■ Collected material
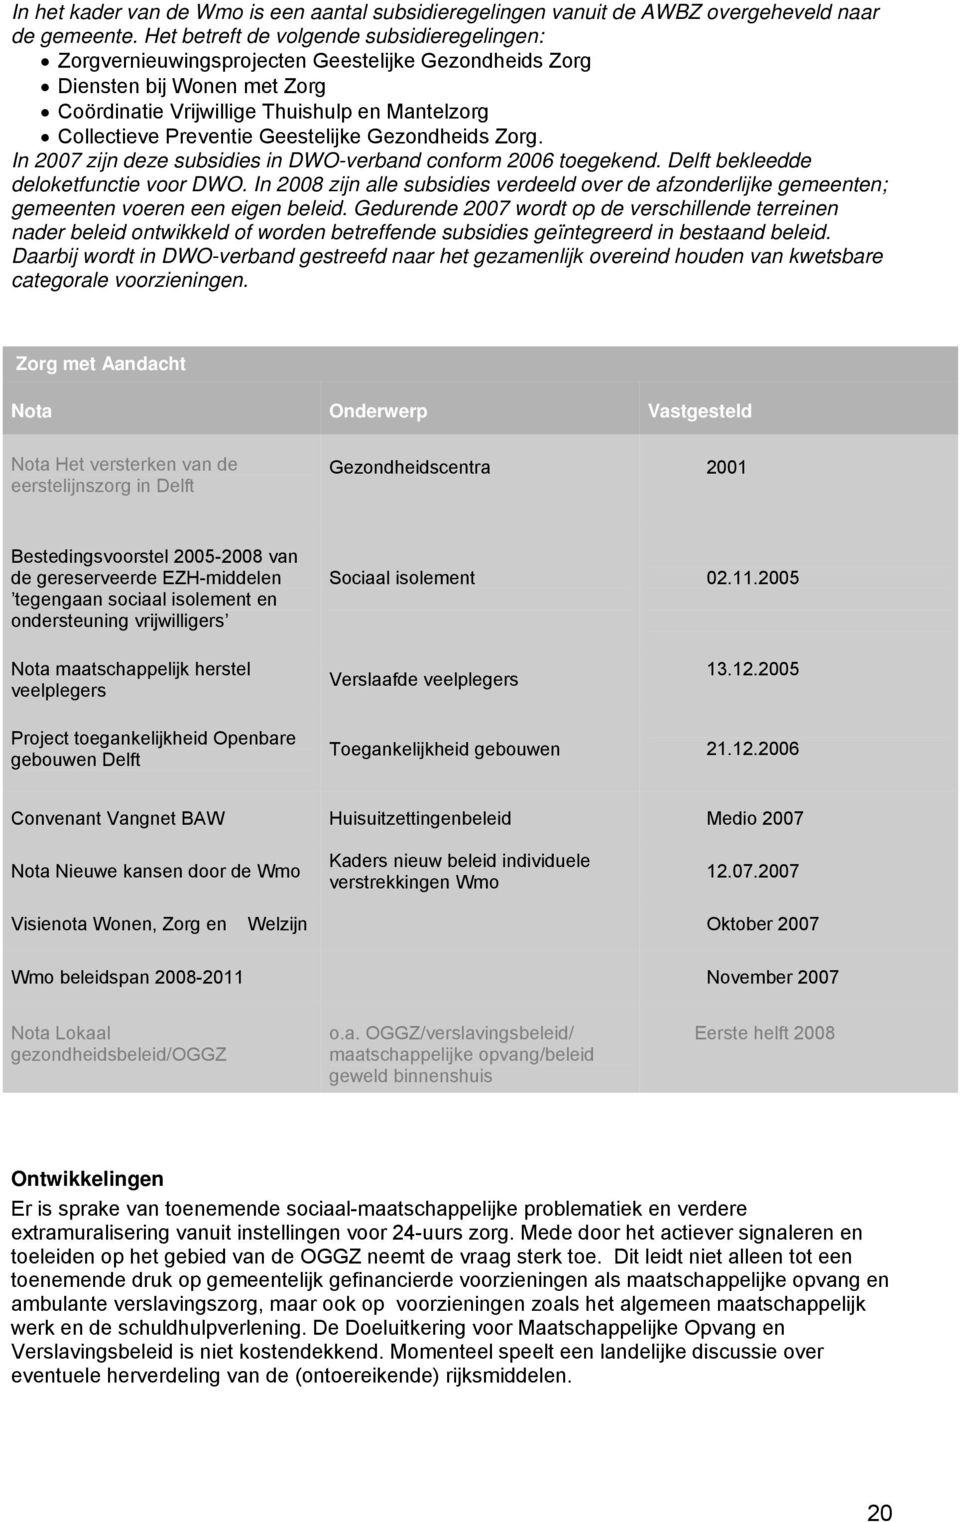 Geestelijke Gezondheids Zorg. In 2007 zijn deze subsidies in DWO-verband conform 2006 toegekend. Delft bekleedde deloketfunctie voor DWO.
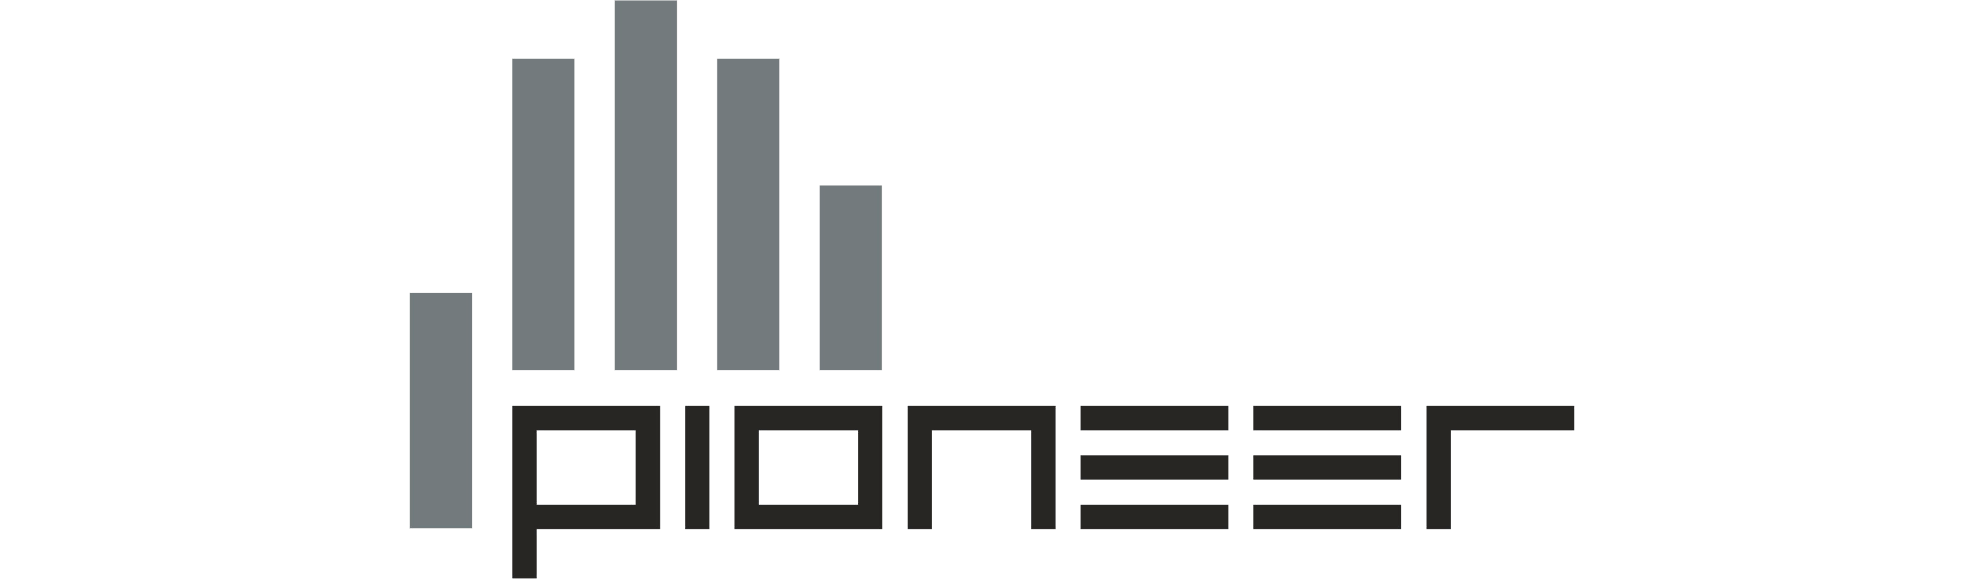 Логотип - Офисные перегородки в ПГК «Пионер»
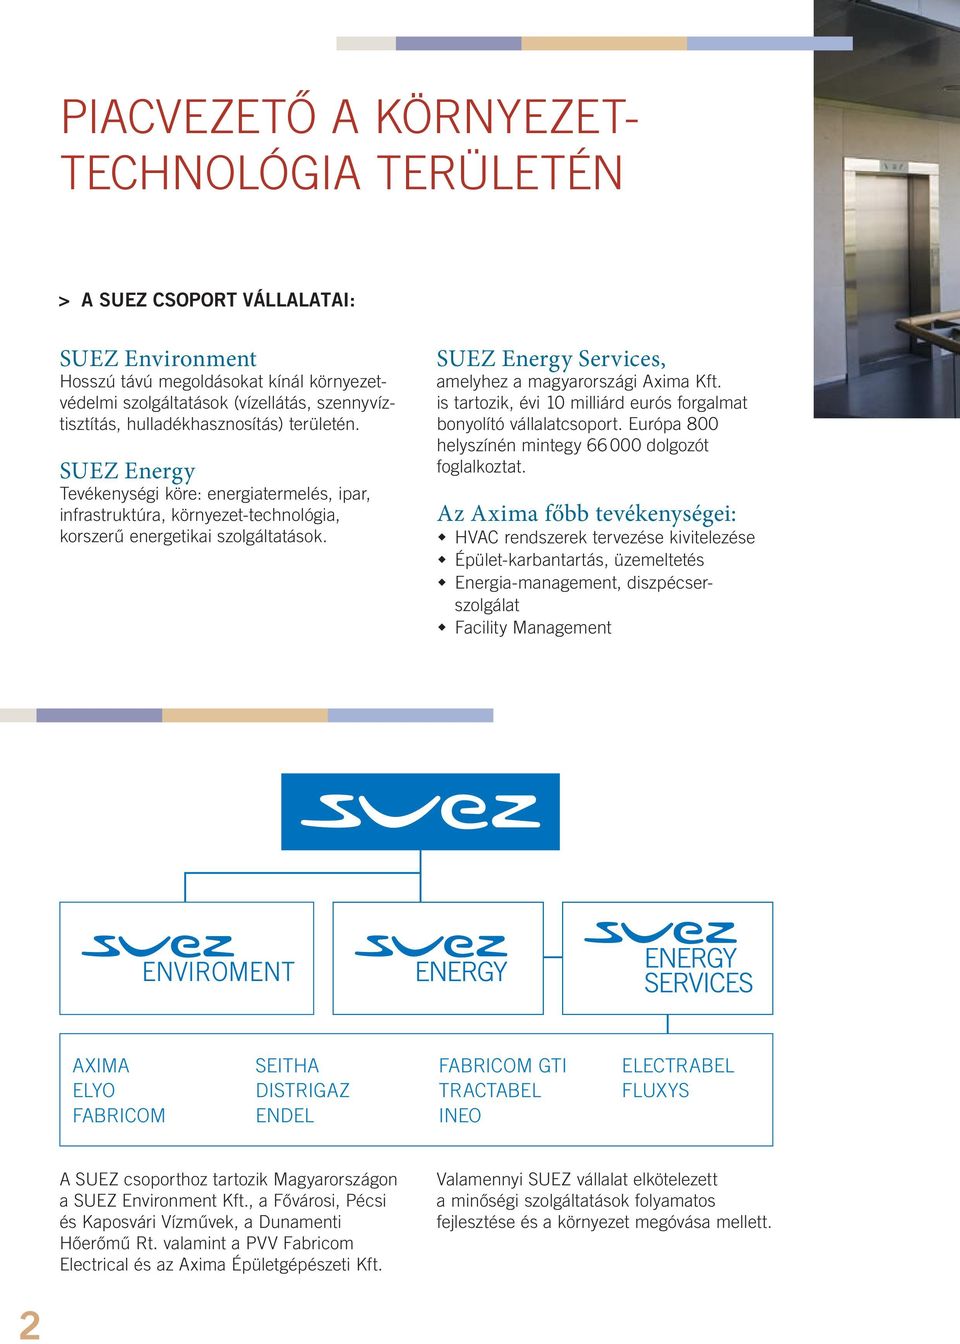 SUEZ Energy Services, amelyhez a magyarországi Axima Kft. is tartozik, évi 10 milliárd eurós forgalmat bonyolító vállalatcsoport. Európa 800 helyszínén mintegy 66 000 dolgozót foglalkoztat.

■ Your task
Where a picture appears, omit it, and otherwise retype the material exactly.

■ Answer for this exercise
 Geestelijke Gezondheids Zorg. In 2007 zijn deze subsidies in DWO-verband conform 2006 toegekend. Delft bekleedde deloketfunctie voor DWO.
 Логотип - Офисные перегородки в ПГК «Пионер»
 SUEZ Energy Services, amelyhez a magyarországi Axima Kft. is tartozik, évi 10 milliárd eurós forgalmat bonyolító vállalatcsoport. Európa 800 helyszínén mintegy 66 000 dolgozót foglalkoztat.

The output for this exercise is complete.